Computational tradeoffs

We also evaluate the computational costs of querying for CBF and NBF. However, regarding computational costs, we only consider the captions of images for both CBF and NBF. We measure latency as the time to complete a single insertion/query of a row and key string having a certain fixed length. We also consider the average computational cost of 1000 queries plus insertions. We found that the combined query and insert latency of the NBF amounts to 4.9 ms on the CPU. For the CBF, it is around 2.5 ms as depicted in Fig 7. Therefore, the CBF is approximately 50% faster in this evaluation. We argue that for lower latency of the NBF, the Learned Index incurs a much larger latency due to the sequential application of gradients, a common and standard issue with neural models.

Fig. 7
figure 7

Combined Query and Insertion Latency for NBF and CBF.

Conclusion and future works

This paper introduced a novel method for enhancing Bloom Filters (BFs) in image retrieval applications. We added small pieces of verification data, called check bits, which are created from both image captions and the images themselves. This approach significantly reduces the number of false positives—a well-known limitation of BFs—while maintaining a small filter size . Experiments on a large dataset showed that using these check bits significantly reduces false positive rates.
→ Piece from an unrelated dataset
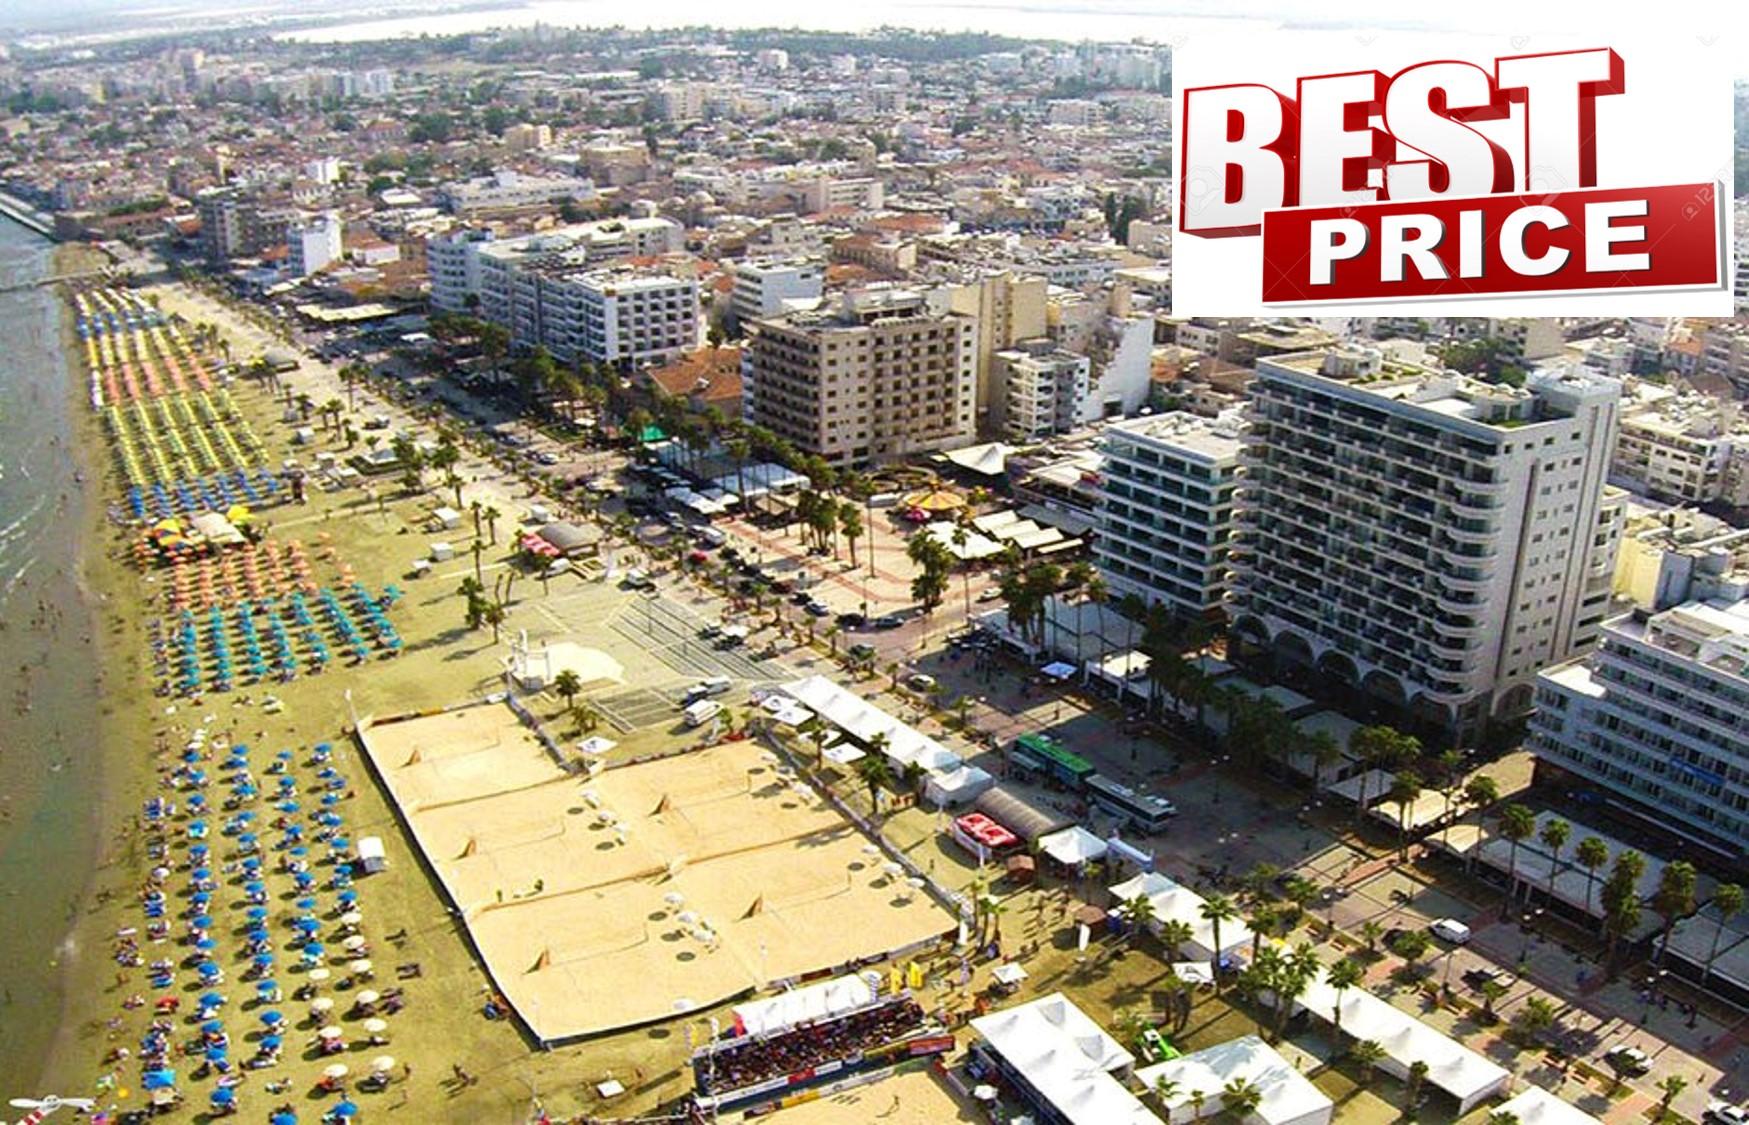 ΛΑΡΝΑΚΑ στην καλύτερη τιμή της αγοράς! Από 250€ για 4 μέρες με Αεροπορικά, Κεντρικό Ξενοδοχείο & Φόρους πληρωμένους

We also found that the placement of caption data (e.g., at the start, middle, or end of the hash) affects performance, with the best results achieved when caption data is placed at both the beginning and the end of the hash. In a comparison with a modern Neural Bloom Filter (NBF), our method—called the Check-bits-based BF (CBF)—achieved a lower false positive rate (23% vs. 35%) under the same memory constraints. Although the NBF requires less memory for stringent error rates, our CBF is approximately 50% faster, making it more suitable for applications where speed is a priority. In a nutshell, this work demonstrates that incorporating both text and image content enhances the accuracy and efficiency of BFs. This improvement is useful for real-world tasks such as image search, database management, and network security.

Several interesting directions for future research exist. First, we plan to test this idea on other types of data, such as audio and video. Another perspective for further research is the development of intelligent algorithms that can adaptively determine the number of check bits to use and their placement, based on the input data. We also aim to test the method on more diverse and challenging datasets to ensure it works well in different situations. Ultimately, employing more advanced feature extraction techniques, such as newer deep learning models, may further enhance performance . These refinements would enable significant cost savings while improving BF performance across various applications and supporting the increased diversity and complexity of data.